What the task requires: Pull every line containing the word "schaut" from the records.

Excerpted data:
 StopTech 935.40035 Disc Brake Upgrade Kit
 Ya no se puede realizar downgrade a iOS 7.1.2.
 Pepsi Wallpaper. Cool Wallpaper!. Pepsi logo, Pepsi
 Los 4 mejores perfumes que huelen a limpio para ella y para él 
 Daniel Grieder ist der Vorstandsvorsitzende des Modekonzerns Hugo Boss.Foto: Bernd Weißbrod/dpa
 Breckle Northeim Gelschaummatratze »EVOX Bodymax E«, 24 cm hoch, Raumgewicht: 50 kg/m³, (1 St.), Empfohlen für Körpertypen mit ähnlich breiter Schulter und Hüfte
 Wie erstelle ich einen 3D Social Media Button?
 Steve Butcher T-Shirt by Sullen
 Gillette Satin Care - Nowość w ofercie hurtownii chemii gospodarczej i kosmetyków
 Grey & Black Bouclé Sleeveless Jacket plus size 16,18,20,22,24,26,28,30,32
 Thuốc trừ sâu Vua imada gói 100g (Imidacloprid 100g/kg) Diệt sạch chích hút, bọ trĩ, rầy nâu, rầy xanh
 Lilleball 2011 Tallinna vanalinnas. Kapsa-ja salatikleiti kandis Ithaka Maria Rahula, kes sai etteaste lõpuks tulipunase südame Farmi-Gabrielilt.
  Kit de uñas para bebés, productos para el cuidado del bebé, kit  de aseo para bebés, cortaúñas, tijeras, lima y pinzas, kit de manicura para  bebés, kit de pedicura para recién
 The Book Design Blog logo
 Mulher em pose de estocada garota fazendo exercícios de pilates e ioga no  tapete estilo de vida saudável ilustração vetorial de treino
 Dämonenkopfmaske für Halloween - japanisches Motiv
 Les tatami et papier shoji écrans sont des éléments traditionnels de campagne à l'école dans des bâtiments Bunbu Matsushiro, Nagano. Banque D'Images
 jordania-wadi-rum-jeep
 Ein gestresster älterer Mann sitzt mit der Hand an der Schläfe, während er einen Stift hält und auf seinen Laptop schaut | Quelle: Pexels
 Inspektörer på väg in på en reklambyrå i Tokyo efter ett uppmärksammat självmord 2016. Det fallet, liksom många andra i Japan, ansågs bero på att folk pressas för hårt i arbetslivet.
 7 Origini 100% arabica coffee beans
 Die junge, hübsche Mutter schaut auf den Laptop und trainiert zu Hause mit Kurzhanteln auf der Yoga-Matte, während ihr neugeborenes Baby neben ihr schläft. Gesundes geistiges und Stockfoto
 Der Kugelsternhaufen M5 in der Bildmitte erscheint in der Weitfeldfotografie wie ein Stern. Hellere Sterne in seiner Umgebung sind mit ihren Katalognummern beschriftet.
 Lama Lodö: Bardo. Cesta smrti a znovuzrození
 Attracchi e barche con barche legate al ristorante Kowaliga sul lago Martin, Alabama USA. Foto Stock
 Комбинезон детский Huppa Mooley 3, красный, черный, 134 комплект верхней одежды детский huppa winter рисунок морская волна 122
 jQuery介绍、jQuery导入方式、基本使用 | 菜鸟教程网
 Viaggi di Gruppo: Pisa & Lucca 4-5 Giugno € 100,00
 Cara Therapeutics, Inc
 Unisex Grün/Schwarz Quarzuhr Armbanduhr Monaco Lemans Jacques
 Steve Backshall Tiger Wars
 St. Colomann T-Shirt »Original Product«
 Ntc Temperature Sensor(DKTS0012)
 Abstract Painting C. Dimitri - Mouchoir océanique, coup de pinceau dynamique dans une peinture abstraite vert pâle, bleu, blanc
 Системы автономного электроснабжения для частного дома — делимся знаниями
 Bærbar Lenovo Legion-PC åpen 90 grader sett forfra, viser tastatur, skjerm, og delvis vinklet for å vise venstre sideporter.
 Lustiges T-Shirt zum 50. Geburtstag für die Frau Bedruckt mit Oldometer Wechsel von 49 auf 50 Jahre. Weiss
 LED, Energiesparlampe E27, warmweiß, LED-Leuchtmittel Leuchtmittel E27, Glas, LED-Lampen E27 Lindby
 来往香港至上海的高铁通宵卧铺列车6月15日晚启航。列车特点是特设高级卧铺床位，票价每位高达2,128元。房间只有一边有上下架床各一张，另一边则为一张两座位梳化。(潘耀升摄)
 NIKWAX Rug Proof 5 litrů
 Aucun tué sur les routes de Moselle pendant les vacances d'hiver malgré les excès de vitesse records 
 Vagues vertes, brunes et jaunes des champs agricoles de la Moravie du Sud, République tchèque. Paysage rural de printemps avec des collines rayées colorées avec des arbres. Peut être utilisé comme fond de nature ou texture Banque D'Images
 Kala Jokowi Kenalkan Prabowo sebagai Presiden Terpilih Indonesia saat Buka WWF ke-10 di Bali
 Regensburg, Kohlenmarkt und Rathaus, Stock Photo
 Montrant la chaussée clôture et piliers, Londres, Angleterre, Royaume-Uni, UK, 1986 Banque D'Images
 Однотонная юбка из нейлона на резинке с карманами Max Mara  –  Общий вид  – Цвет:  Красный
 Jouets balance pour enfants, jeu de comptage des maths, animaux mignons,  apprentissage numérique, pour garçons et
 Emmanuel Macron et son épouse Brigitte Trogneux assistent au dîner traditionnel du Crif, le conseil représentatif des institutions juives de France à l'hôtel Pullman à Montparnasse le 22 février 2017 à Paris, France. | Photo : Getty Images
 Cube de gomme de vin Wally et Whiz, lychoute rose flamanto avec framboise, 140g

Answer area:
 Ein gestresster älterer Mann sitzt mit der Hand an der Schläfe, während er einen Stift hält und auf seinen Laptop schaut | Quelle: Pexels
 Die junge, hübsche Mutter schaut auf den Laptop und trainiert zu Hause mit Kurzhanteln auf der Yoga-Matte, während ihr neugeborenes Baby neben ihr schläft. Gesundes geistiges und Stockfoto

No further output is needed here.